TASK PROMPT
Reproduce the lines below exactly. Skip images.

SUPPLIED INFORMATION
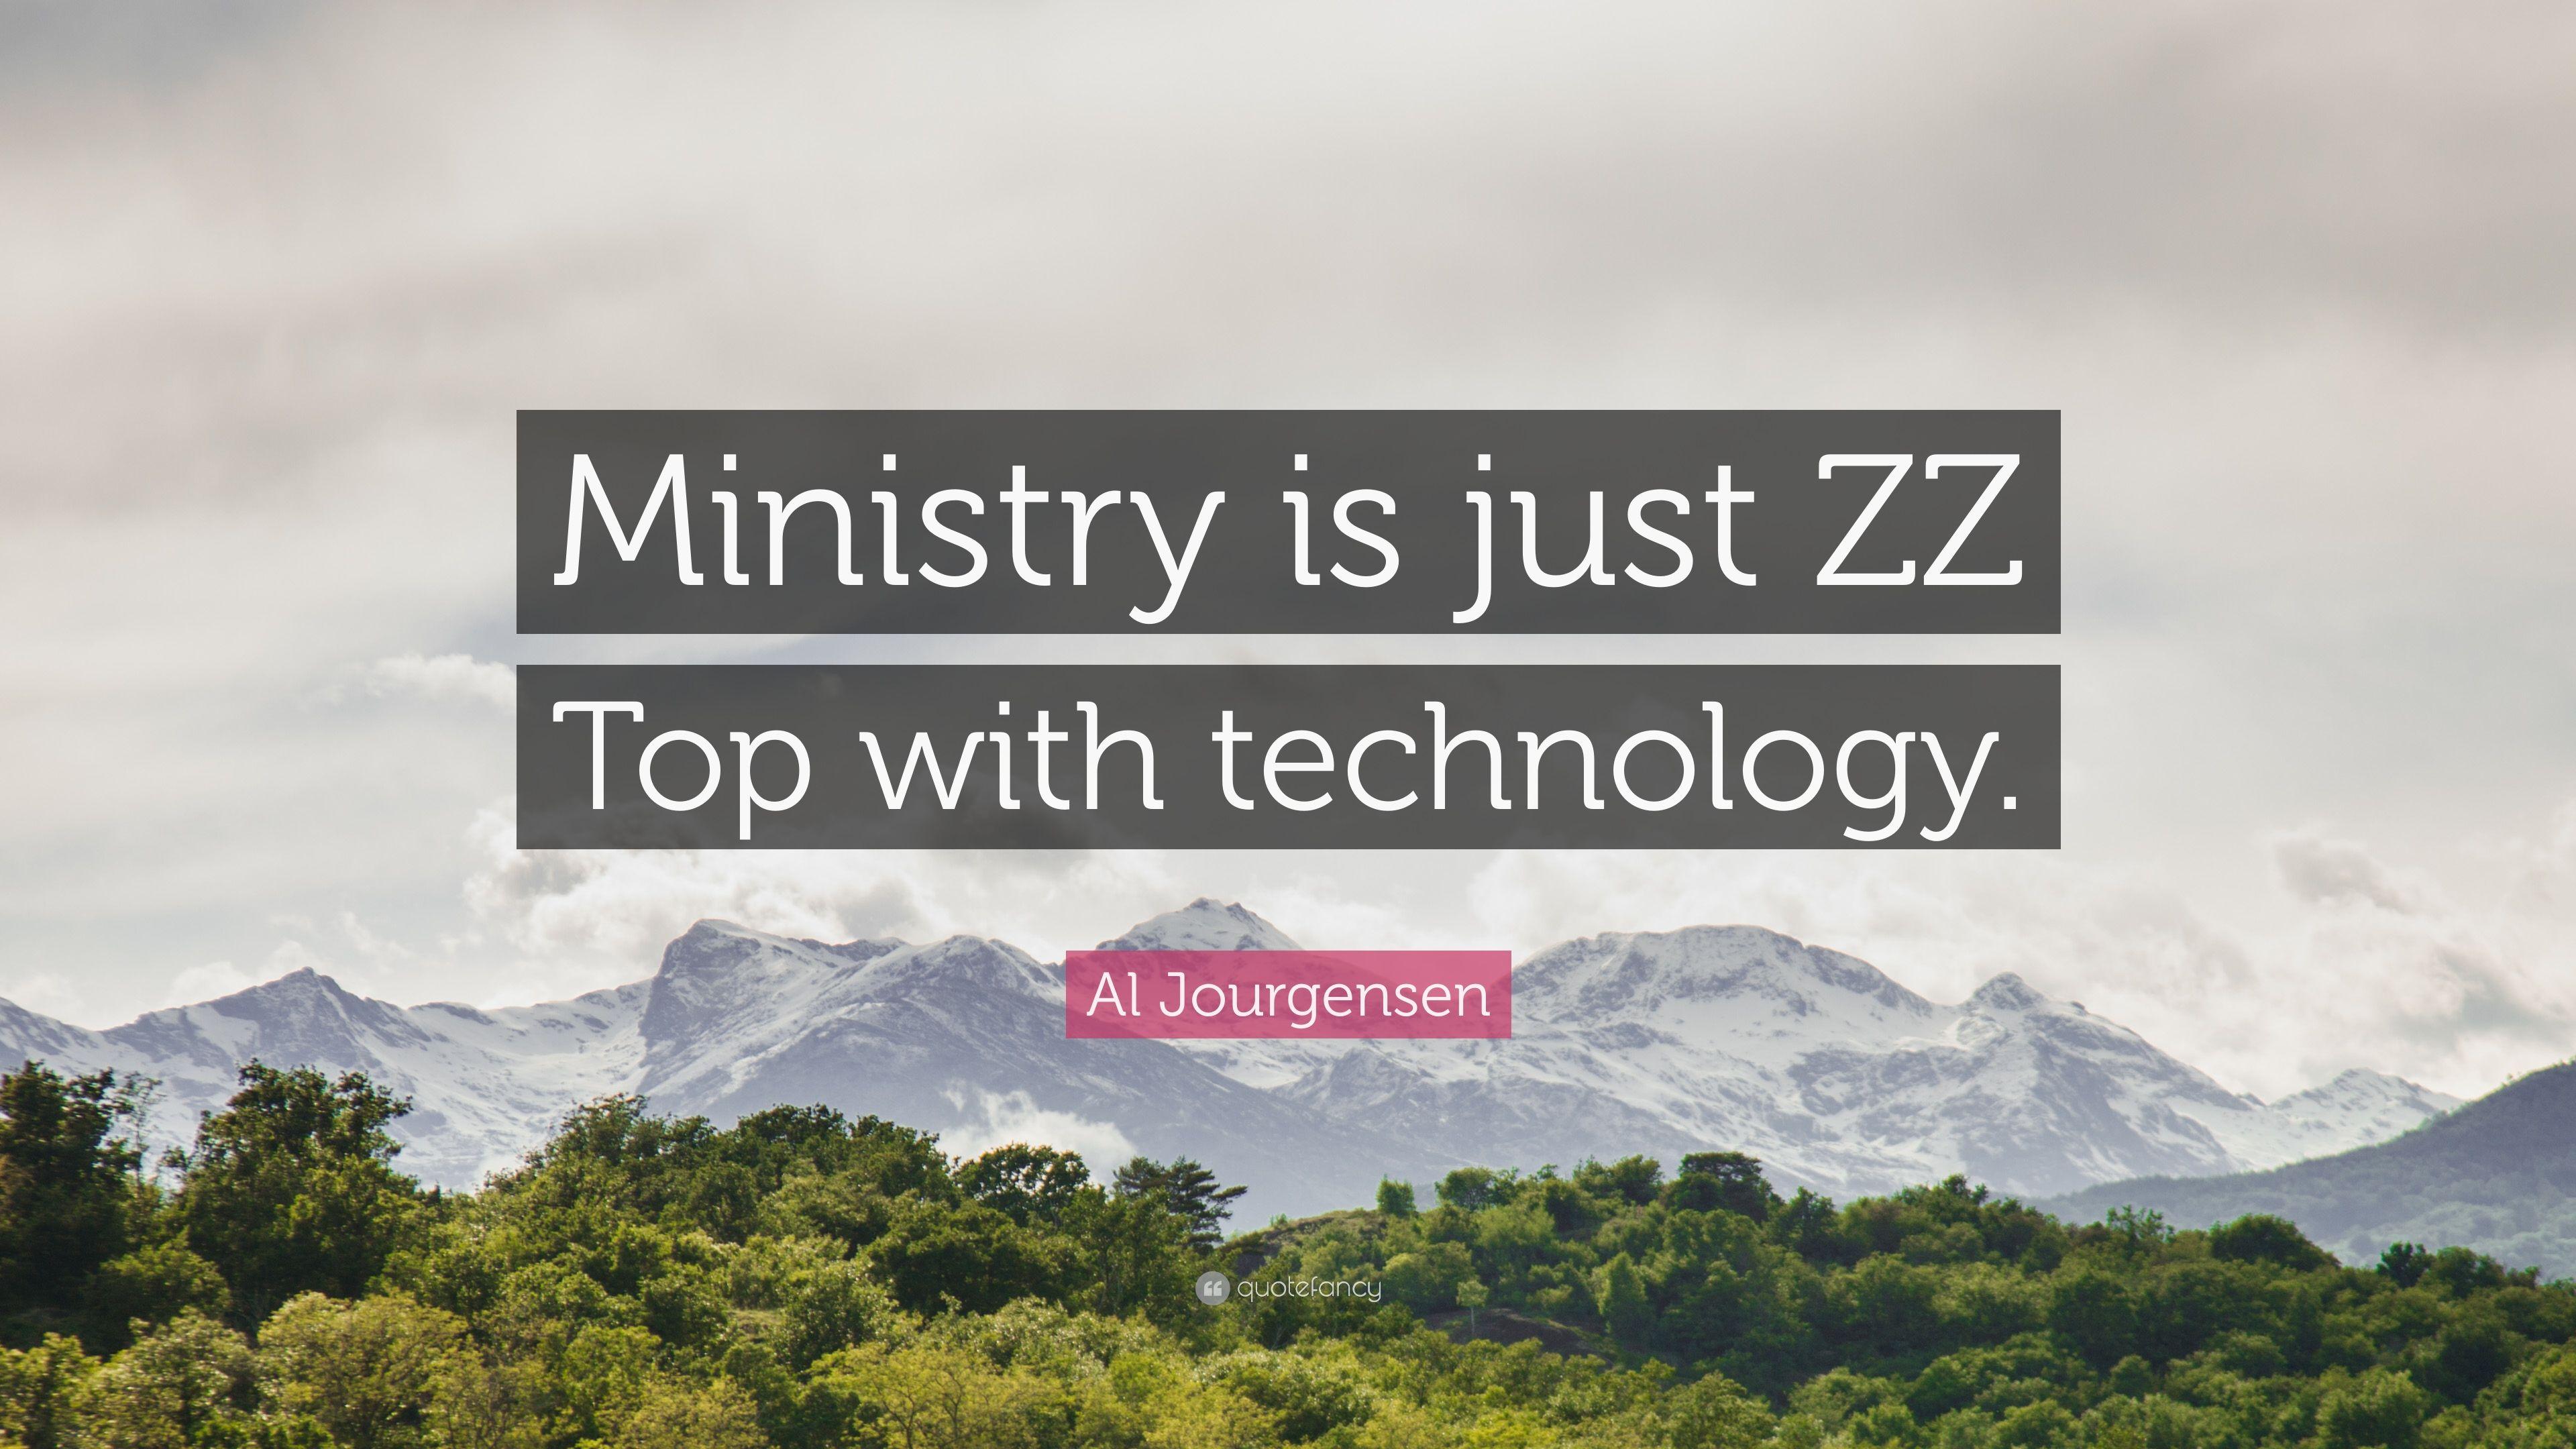 Al Jourgensen Quote: “Ministry is just ZZ Top with technology.” 7
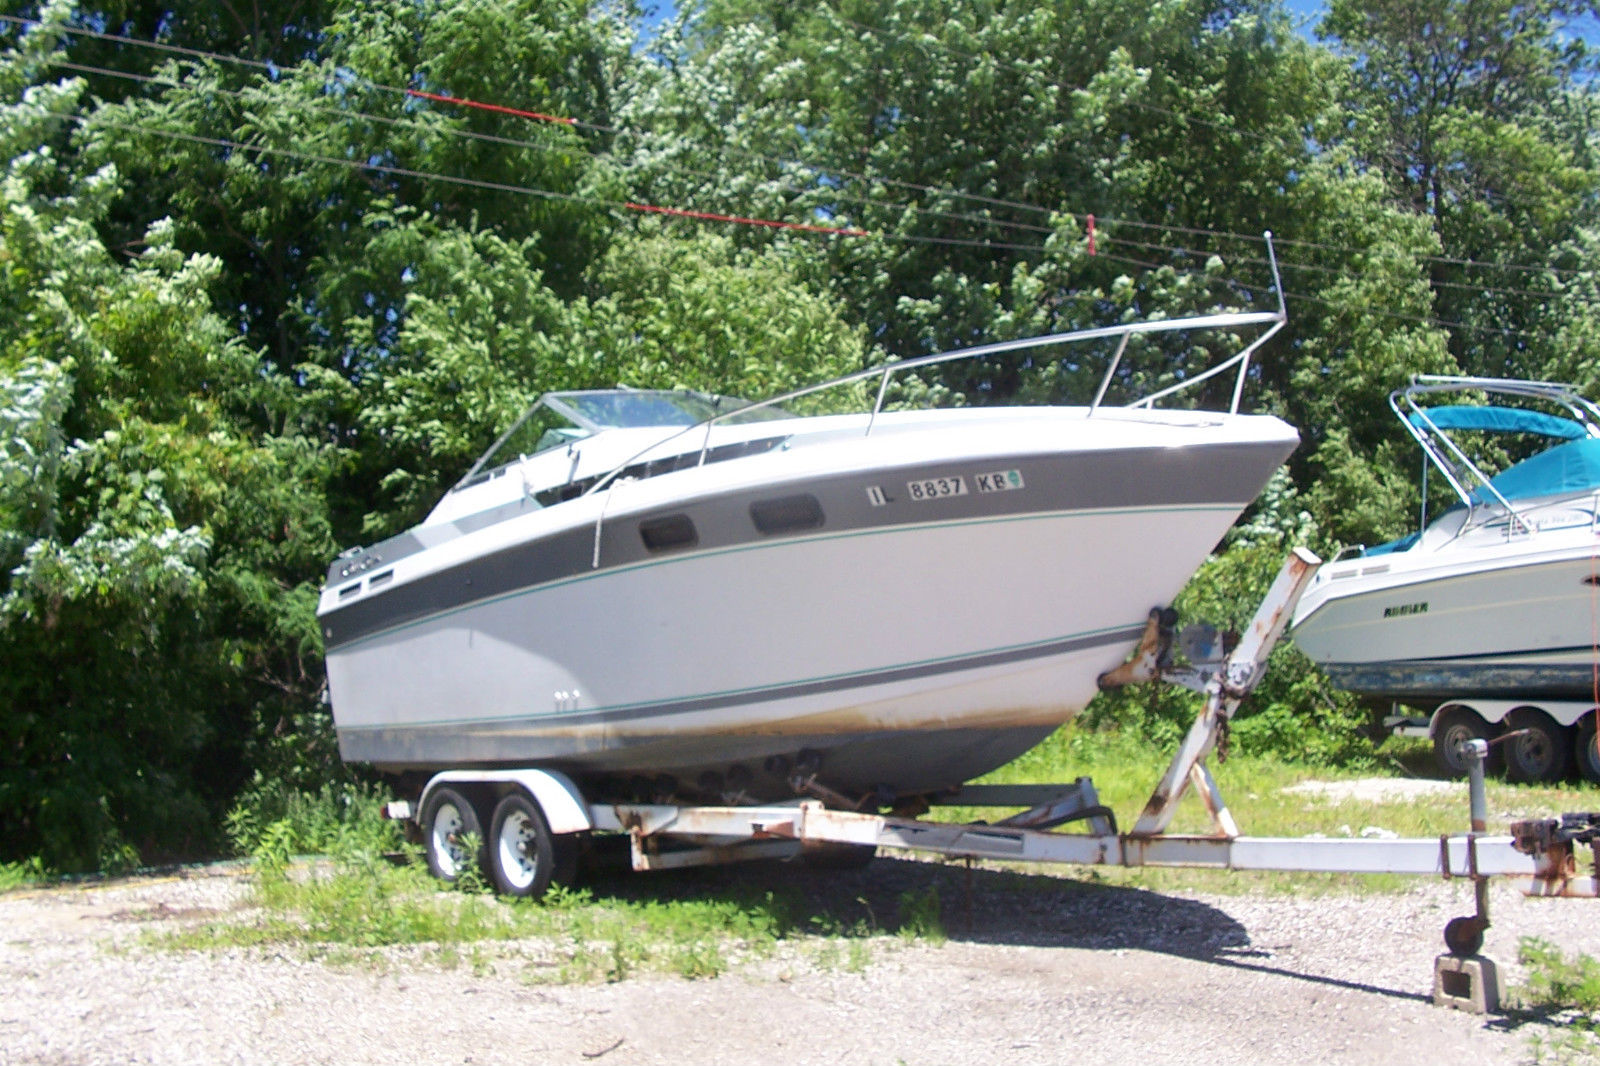 Chris Craft Ameorsport 1988 for sale for $4,000 - Boats ...
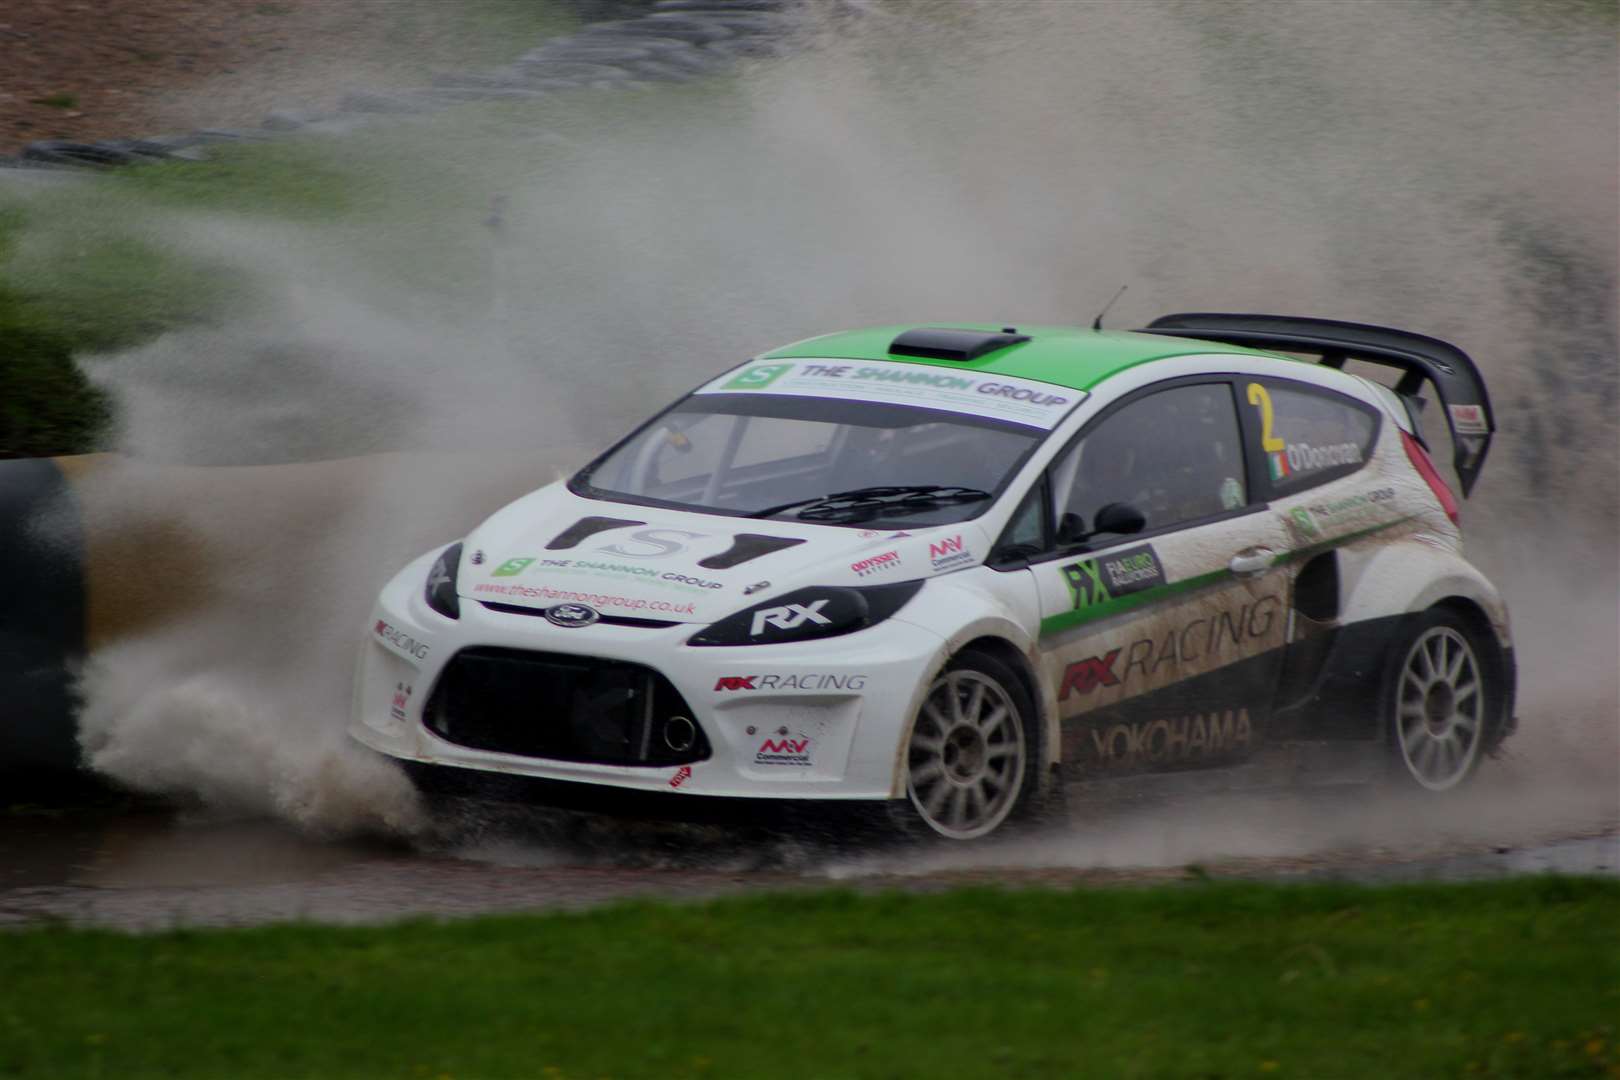 O'Donovan said he was "untouchable" in the wet. Picture: Joe Wright

OUTPUT OF THE EXERCISE
 Al Jourgensen Quote: “Ministry is just ZZ Top with technology.” 7
 Chris Craft Ameorsport 1988 for sale for $4,000 - Boats ...
 O'Donovan said he was "untouchable" in the wet. Picture: Joe Wright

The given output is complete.